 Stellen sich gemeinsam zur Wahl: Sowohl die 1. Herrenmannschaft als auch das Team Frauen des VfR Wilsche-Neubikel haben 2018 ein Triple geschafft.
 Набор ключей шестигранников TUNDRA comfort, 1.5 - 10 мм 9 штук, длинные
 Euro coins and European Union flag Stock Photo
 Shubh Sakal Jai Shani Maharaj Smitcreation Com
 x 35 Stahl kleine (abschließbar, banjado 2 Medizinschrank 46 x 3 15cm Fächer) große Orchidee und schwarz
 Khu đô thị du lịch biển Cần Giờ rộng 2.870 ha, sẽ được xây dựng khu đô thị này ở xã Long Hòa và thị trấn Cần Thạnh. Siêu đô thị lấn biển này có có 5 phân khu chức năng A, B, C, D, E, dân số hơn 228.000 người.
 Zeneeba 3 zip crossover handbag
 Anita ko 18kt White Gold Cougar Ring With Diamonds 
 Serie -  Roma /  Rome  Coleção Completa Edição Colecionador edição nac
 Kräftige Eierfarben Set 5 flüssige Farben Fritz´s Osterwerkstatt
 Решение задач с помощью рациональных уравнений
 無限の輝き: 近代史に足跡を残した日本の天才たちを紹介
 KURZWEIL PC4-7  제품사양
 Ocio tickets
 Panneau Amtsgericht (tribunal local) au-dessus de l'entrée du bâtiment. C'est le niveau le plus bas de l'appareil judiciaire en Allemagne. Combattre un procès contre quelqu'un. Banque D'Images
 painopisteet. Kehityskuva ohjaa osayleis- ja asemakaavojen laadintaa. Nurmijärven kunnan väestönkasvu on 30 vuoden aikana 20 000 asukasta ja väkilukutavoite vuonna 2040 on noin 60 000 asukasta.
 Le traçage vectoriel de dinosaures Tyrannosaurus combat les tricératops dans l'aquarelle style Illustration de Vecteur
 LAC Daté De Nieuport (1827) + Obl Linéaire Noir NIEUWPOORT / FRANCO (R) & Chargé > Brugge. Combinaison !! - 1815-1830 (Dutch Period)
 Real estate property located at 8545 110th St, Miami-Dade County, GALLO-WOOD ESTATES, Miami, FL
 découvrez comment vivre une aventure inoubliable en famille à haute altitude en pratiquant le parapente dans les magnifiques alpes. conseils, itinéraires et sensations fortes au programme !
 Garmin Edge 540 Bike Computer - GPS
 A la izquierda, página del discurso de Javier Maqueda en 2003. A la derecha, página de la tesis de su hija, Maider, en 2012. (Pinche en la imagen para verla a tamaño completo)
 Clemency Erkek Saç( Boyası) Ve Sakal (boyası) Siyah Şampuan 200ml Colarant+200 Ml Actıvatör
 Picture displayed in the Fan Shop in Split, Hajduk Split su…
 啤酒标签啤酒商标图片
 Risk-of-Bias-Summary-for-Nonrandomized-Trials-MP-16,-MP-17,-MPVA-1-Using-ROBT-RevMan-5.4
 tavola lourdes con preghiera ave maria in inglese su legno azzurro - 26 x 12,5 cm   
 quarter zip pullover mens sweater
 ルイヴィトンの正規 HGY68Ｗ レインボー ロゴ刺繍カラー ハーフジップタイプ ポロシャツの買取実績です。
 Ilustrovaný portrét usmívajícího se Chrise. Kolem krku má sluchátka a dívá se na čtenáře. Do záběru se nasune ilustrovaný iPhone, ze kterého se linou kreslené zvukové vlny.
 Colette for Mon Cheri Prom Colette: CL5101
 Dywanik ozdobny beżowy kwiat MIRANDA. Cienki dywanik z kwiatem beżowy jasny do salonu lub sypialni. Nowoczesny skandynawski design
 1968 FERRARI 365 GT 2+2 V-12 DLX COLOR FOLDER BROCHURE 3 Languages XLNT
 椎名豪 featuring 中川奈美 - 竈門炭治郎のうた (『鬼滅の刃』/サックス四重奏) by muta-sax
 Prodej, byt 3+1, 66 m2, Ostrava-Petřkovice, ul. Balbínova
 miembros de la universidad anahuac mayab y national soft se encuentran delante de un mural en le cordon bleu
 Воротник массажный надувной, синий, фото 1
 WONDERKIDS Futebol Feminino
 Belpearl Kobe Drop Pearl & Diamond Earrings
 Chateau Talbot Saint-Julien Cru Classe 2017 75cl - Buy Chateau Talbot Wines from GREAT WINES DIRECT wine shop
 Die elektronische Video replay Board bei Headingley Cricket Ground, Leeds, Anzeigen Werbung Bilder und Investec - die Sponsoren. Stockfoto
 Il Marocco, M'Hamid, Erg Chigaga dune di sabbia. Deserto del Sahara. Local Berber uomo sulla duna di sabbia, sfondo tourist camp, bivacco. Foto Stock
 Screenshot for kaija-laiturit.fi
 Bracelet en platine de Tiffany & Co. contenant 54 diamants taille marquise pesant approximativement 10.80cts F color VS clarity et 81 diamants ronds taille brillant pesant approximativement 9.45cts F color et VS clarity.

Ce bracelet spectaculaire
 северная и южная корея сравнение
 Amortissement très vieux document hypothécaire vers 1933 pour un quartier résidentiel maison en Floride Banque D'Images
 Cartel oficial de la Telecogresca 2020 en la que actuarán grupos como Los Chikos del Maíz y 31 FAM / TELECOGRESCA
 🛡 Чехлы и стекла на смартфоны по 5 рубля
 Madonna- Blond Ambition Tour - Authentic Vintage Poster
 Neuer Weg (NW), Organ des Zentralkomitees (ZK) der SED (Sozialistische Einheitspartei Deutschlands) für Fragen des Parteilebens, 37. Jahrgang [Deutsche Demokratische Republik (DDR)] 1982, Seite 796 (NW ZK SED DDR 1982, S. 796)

Task statement:
Set down the records again verbatim, so that each word stays as it is.

Expected answer:
 Stellen sich gemeinsam zur Wahl: Sowohl die 1. Herrenmannschaft als auch das Team Frauen des VfR Wilsche-Neubikel haben 2018 ein Triple geschafft.
 Набор ключей шестигранников TUNDRA comfort, 1.5 - 10 мм 9 штук, длинные
 Euro coins and European Union flag Stock Photo
 Shubh Sakal Jai Shani Maharaj Smitcreation Com
 x 35 Stahl kleine (abschließbar, banjado 2 Medizinschrank 46 x 3 15cm Fächer) große Orchidee und schwarz
 Khu đô thị du lịch biển Cần Giờ rộng 2.870 ha, sẽ được xây dựng khu đô thị này ở xã Long Hòa và thị trấn Cần Thạnh. Siêu đô thị lấn biển này có có 5 phân khu chức năng A, B, C, D, E, dân số hơn 228.000 người.
 Zeneeba 3 zip crossover handbag
 Anita ko 18kt White Gold Cougar Ring With Diamonds 
 Serie -  Roma /  Rome  Coleção Completa Edição Colecionador edição nac
 Kräftige Eierfarben Set 5 flüssige Farben Fritz´s Osterwerkstatt
 Решение задач с помощью рациональных уравнений
 無限の輝き: 近代史に足跡を残した日本の天才たちを紹介
 KURZWEIL PC4-7  제품사양
 Ocio tickets
 Panneau Amtsgericht (tribunal local) au-dessus de l'entrée du bâtiment. C'est le niveau le plus bas de l'appareil judiciaire en Allemagne. Combattre un procès contre quelqu'un. Banque D'Images
 painopisteet. Kehityskuva ohjaa osayleis- ja asemakaavojen laadintaa. Nurmijärven kunnan väestönkasvu on 30 vuoden aikana 20 000 asukasta ja väkilukutavoite vuonna 2040 on noin 60 000 asukasta.
 Le traçage vectoriel de dinosaures Tyrannosaurus combat les tricératops dans l'aquarelle style Illustration de Vecteur
 LAC Daté De Nieuport (1827) + Obl Linéaire Noir NIEUWPOORT / FRANCO (R) & Chargé > Brugge. Combinaison !! - 1815-1830 (Dutch Period)
 Real estate property located at 8545 110th St, Miami-Dade County, GALLO-WOOD ESTATES, Miami, FL
 découvrez comment vivre une aventure inoubliable en famille à haute altitude en pratiquant le parapente dans les magnifiques alpes. conseils, itinéraires et sensations fortes au programme !
 Garmin Edge 540 Bike Computer - GPS
 A la izquierda, página del discurso de Javier Maqueda en 2003. A la derecha, página de la tesis de su hija, Maider, en 2012. (Pinche en la imagen para verla a tamaño completo)
 Clemency Erkek Saç( Boyası) Ve Sakal (boyası) Siyah Şampuan 200ml Colarant+200 Ml Actıvatör
 Picture displayed in the Fan Shop in Split, Hajduk Split su…
 啤酒标签啤酒商标图片
 Risk-of-Bias-Summary-for-Nonrandomized-Trials-MP-16,-MP-17,-MPVA-1-Using-ROBT-RevMan-5.4
 tavola lourdes con preghiera ave maria in inglese su legno azzurro - 26 x 12,5 cm   
 quarter zip pullover mens sweater
 ルイヴィトンの正規 HGY68Ｗ レインボー ロゴ刺繍カラー ハーフジップタイプ ポロシャツの買取実績です。
 Ilustrovaný portrét usmívajícího se Chrise. Kolem krku má sluchátka a dívá se na čtenáře. Do záběru se nasune ilustrovaný iPhone, ze kterého se linou kreslené zvukové vlny.
 Colette for Mon Cheri Prom Colette: CL5101
 Dywanik ozdobny beżowy kwiat MIRANDA. Cienki dywanik z kwiatem beżowy jasny do salonu lub sypialni. Nowoczesny skandynawski design
 1968 FERRARI 365 GT 2+2 V-12 DLX COLOR FOLDER BROCHURE 3 Languages XLNT
 椎名豪 featuring 中川奈美 - 竈門炭治郎のうた (『鬼滅の刃』/サックス四重奏) by muta-sax
 Prodej, byt 3+1, 66 m2, Ostrava-Petřkovice, ul. Balbínova
 miembros de la universidad anahuac mayab y national soft se encuentran delante de un mural en le cordon bleu
 Воротник массажный надувной, синий, фото 1
 WONDERKIDS Futebol Feminino
 Belpearl Kobe Drop Pearl & Diamond Earrings
 Chateau Talbot Saint-Julien Cru Classe 2017 75cl - Buy Chateau Talbot Wines from GREAT WINES DIRECT wine shop
 Die elektronische Video replay Board bei Headingley Cricket Ground, Leeds, Anzeigen Werbung Bilder und Investec - die Sponsoren. Stockfoto
 Il Marocco, M'Hamid, Erg Chigaga dune di sabbia. Deserto del Sahara. Local Berber uomo sulla duna di sabbia, sfondo tourist camp, bivacco. Foto Stock
 Screenshot for kaija-laiturit.fi
 Bracelet en platine de Tiffany & Co. contenant 54 diamants taille marquise pesant approximativement 10.80cts F color VS clarity et 81 diamants ronds taille brillant pesant approximativement 9.45cts F color et VS clarity.

Ce bracelet spectaculaire
 северная и южная корея сравнение
 Amortissement très vieux document hypothécaire vers 1933 pour un quartier résidentiel maison en Floride Banque D'Images
 Cartel oficial de la Telecogresca 2020 en la que actuarán grupos como Los Chikos del Maíz y 31 FAM / TELECOGRESCA
 🛡 Чехлы и стекла на смартфоны по 5 рубля
 Madonna- Blond Ambition Tour - Authentic Vintage Poster
 Neuer Weg (NW), Organ des Zentralkomitees (ZK) der SED (Sozialistische Einheitspartei Deutschlands) für Fragen des Parteilebens, 37. Jahrgang [Deutsche Demokratische Republik (DDR)] 1982, Seite 796 (NW ZK SED DDR 1982, S. 796)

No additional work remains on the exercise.